A recent study by the Case Western Reserve University of the United States has shown that a family of drugs widely used against the herpes virus could be effective to also treat infections by the human immunodeficiency virus.
The herpes simplex virus type 1 and type 2 (HSV-1 and HSV-2) are the cause of cold sores and genital respectively and are associated with recurrent lesions in the mouth, lips and face; as well as other more serious diseases such as meningoencephalitis or corneal blindness. The lesions it produces on the skin and mucous membranes are related to an increased risk of contracting HIV through sexual contact. Normally its treatment consists in the administration of acyclovir or its prodrug, valaciclovir, which requires less frequent dosing. These products are available on RXShopMD. These drugs act as premature terminators of viral DNA replication, preventing the generation of new copies. Although this type of infections are incurable and chronic for life, in this way, they stop the spread of the virus in the body by reducing the annoying symptoms of the infection.
They are this type of medicines, of very common use, those that an international team of investigators has related to a diminution of the HIV-1 viral load. Previously, several trials had shown that therapies based on the use of acyclovir reduced the viral load of HIV-1 in patients infected with HSV-2. To explain this result, it was thought that the improvement could be due to the activation of a generalized immune response produced by the herpes virus, which causes inflammation. However, this new research indicates that the decrease in HIV levels occurs without the need for coinfection in people taking aciclovir and valaciclovir. These data suggest that this family of drugs would have a direct effect of HIV-1 replication and could be effective in the treatment of patients infected only with the AIDS virus.

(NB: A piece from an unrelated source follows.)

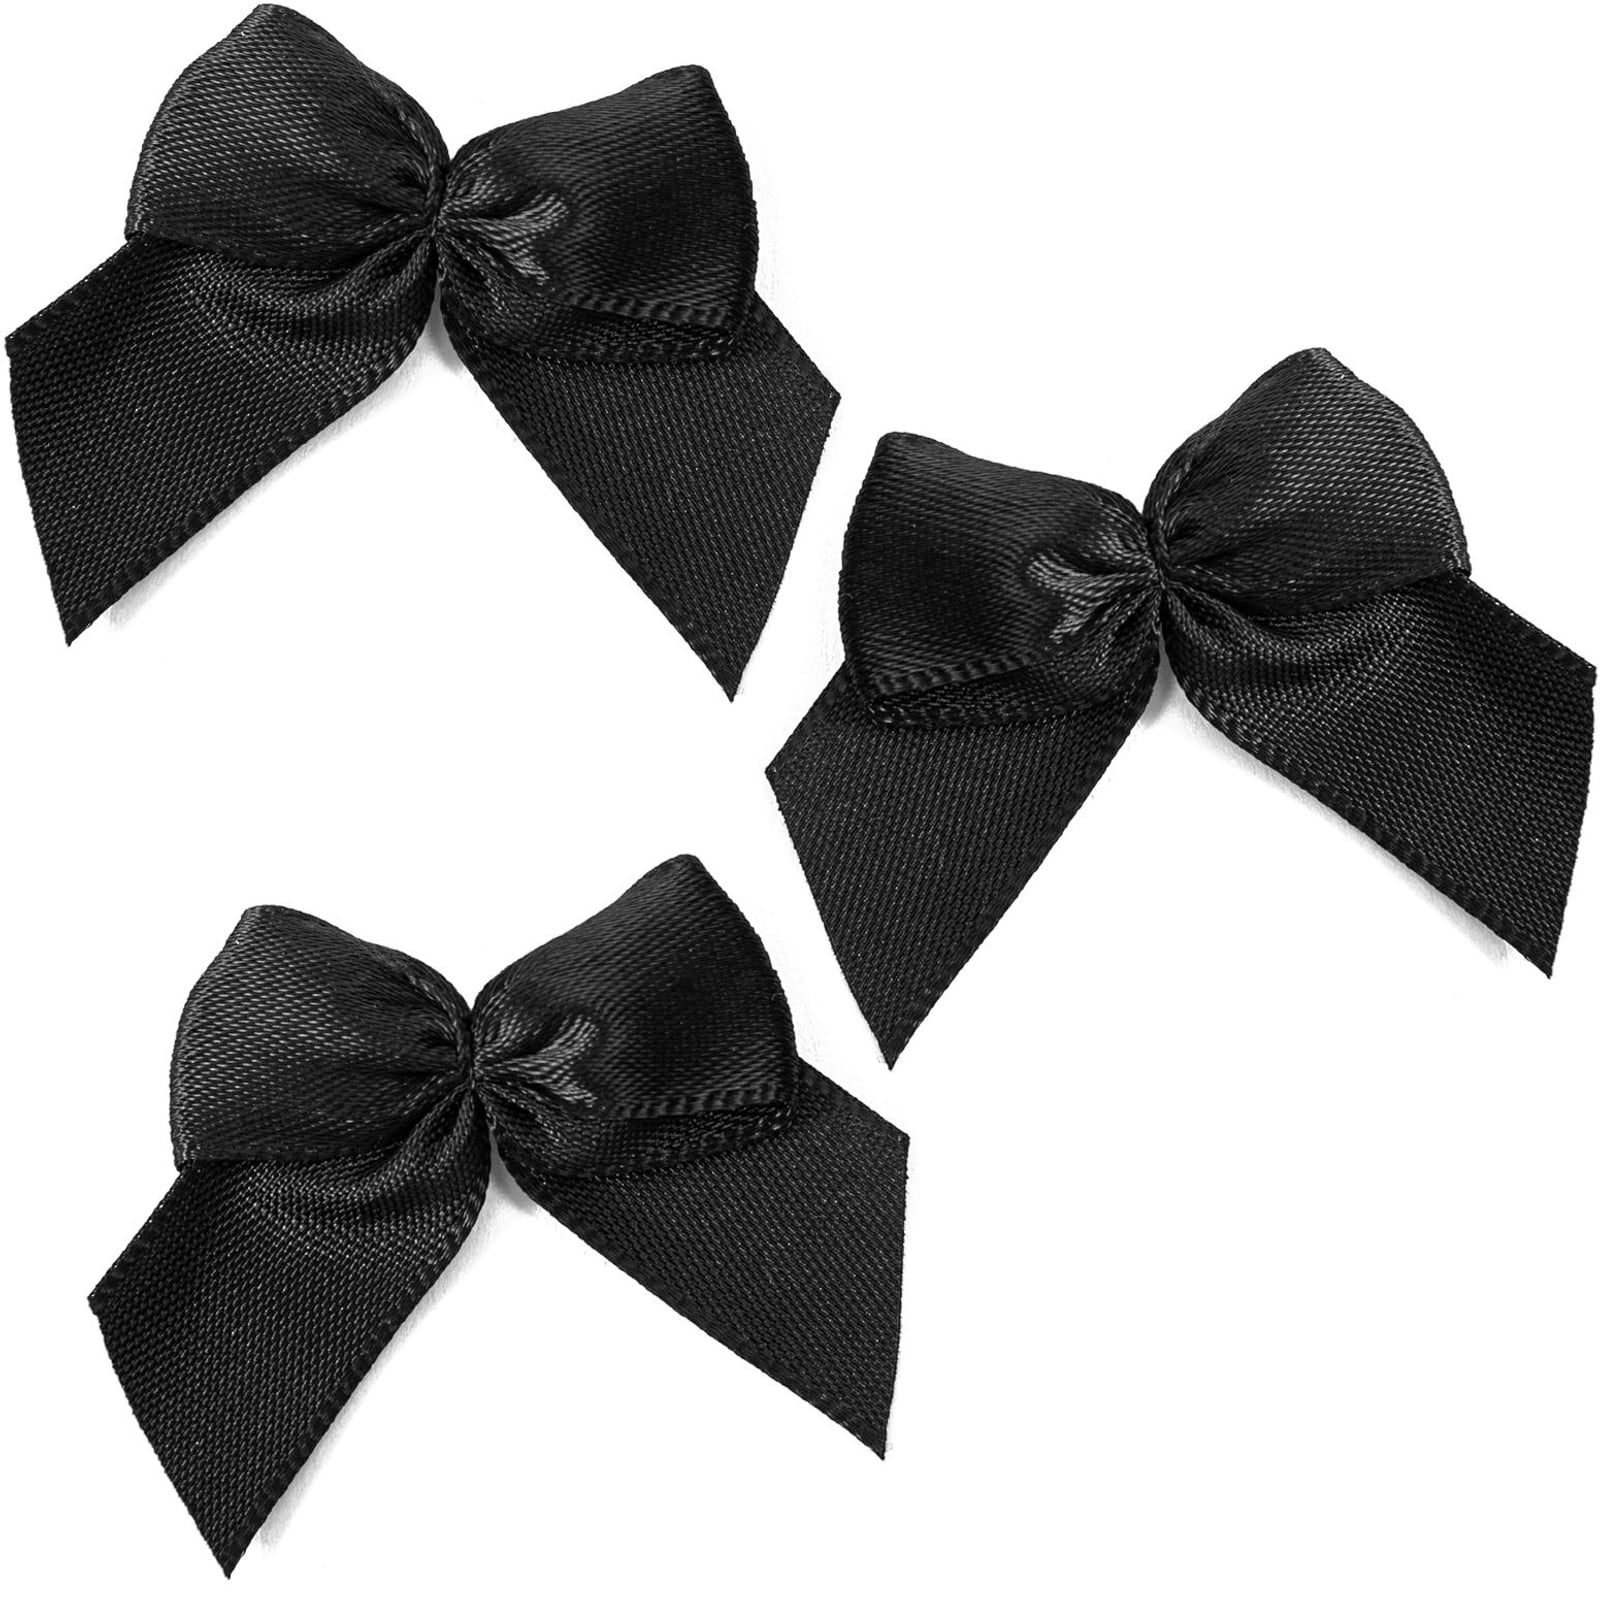  Black Ribbon For Gift Wrapping Satin Ribbon 3/8

This opens a promising alternative to develop a new type of drugs for the treatment of HIV based on chemical structures similar to those of acyclovir. This is especially interesting since it already reports of resistance against antiretroviral treatments used till the date. The resistances are developed by changes, mutations that happen at random in the genetic material of the virus and prevent drugs from acting on the therapeutic targets against which they are directed. Thus, different drugs focused on different types of targets would be an important advantage to avoid the loss of effectiveness due to the development of resistance. Once proven effective in blocking HIV replication, this family of drugs could be added to the cocktail of anti-retrovirals used so far given their good tolerance and the absence of significant adverse effects.